Are the frames of these pretty solid, the one on display seemed wobbly but the stores help may not have assembled it correctly or just not tightened everything right?

If this ends up being what I choose to try I will be reading up on all the modification current SMF members have made and doing most of them prior to using it. Thanks in advance for everyone's input and sorry for the 150 questions !!!


----------



## ba_loko (Aug 26, 2007)

Mo, for the money, I find it to be a very nice smoker.  It serves me well when I cook hamburgers or steaks, etc., and it also has allowed me to smoke many things over the few years that I've had her.  The metal isn't heavy gauge, which tends to need more baby sitting as the temps can vary.  Mine had a cast iron grate that had a small flaw in it while on display at Lowe's.  They offered it to me for $100 (with sfb) and also threw in a (worthless) cover.  All in all, I'd buy another one.


----------



## bilvo47 (Aug 26, 2007)

My only gripe so far is that the wheels are cheap.  I've had mine for about 2 months now and the wheels split in two this weekend.  Other than that - it's a great smoker.  Lots of good grub comin off it.  The wheels will be easy enough to replace with something heavier.


----------



## johnd49455 (Aug 26, 2007)

I like mine but that is all I have ever used. I usually start with charcoal but add splits for smoke. If using fruit woods only it can be used as a stick burner but when I tried strait Hickory it was way to strong.
	

	
	
		
		



		
			






All in all it does use a lot of fuel but that isn't a bad thing. I am still looking for a basket for the charcoal as the ash builds up fast & I loose air flow & with that temp drops. I seem to do fine without the mod of dropping the chimney down to the grate. 

You do need to rotate the meat as it does seem to be a bit hot at the firebox side & if using the top grate it is alot hotter on the top grate.

All in all it is a great versatile smoker/grill, with a lot of room.

It does require a bit of attention to keep steady temps. as you learn the quirks it gets very easy to predict & learn when it needs tending before it needs it. It's predictable.

Again als in all a good value for the buck


----------



## meowey (Aug 26, 2007)

The more I use mine, the more I'm glad I bought it!

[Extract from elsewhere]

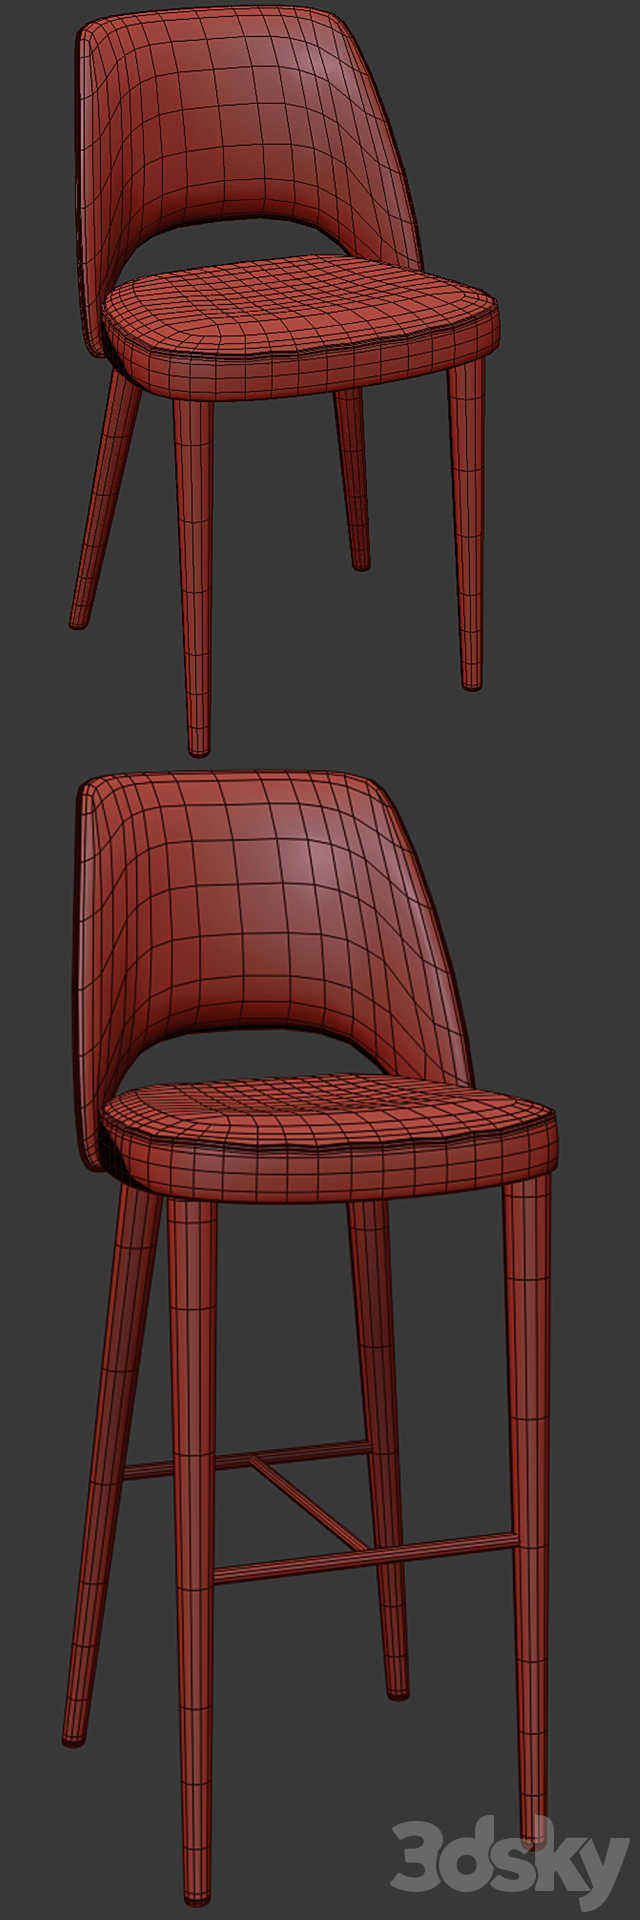 Astor Dining Chair And Bar Stool 3DSMax File - thumbnail 3

Take care, have fun, and do good!

Regards,

Meowey


----------



## ba_loko (Aug 26, 2007)

John, I don't share the same experience as you.  As a CG user for a long time, I find it a challenge to even reach 220 at grate level.  Most times I have to really lay the coal to the SFB to get it there, and I keep adding.  I suppose I may be doing something wrong.  Can you describe your technique?


----------



## johnd49455 (Aug 26, 2007)

At grate I stat neat 200. 

I start a chimney of regular old Charcoal briquettes. When glowing red I dump them & add som Cowboy brand lump charcoal. When that gets the cooking chamber to about 175 I add 2 small pieces of split wood (Cherry from an orchard is my favorite) Every hour I add another 3 handfuls of lump charcoal & another split of wood. I can maintain 200 on the lid thermo & have a turkey fryer thermo thru one of the stock rotisserie holes with the pot clip inside the cooking chamber to hold the tip of the fryer thermometer about a 1/8 under the cooking grate & that stays around 200 degrees.

When I first put the meat on the bottom thermometer is about 25 degrees lower that the stock one but as the cook goes on they switch to the other way 25 degrees hotter on the lid. I have tried an oven thermoter setting on the to warmer rack & that runs about 275 to 300 degrees when I open to mop the meat.

I do have an issue with the ash drawer building up enough ash that I start to loose air flow after 5 or 6 hours. I haven't quite figured out what to do to cure that yet & have tried to turn the charcoal rack over but only have tried that once & it did seem to help a little.


I have not added the chimney mod & don't know if I will as I am going to enter a backyard BBQ in Silver Lake, MI & the backyard has ribs & wings as the only 2 meats. It works perfect to do the wings on the top & they get almost crispy.

Hope I have been of some help.


----------



## ba_loko (Aug 26, 2007)

John, I'm thrilled that you get that kind of steady temp.  I sure don't!  Good luck with the competition.  I'm sure you'll do great!

If you can throw pic out sometime, that'd be great!


----------



## johnd49455 (Aug 26, 2007)

I have tried to post pics but I have to spend a lot of time resizing them. The camera I have takes huge pics. 

Last smoke I brought the camera out & my daughter had run the batteries dead & when I went to get the spare set I found out that that was the set she ran dead.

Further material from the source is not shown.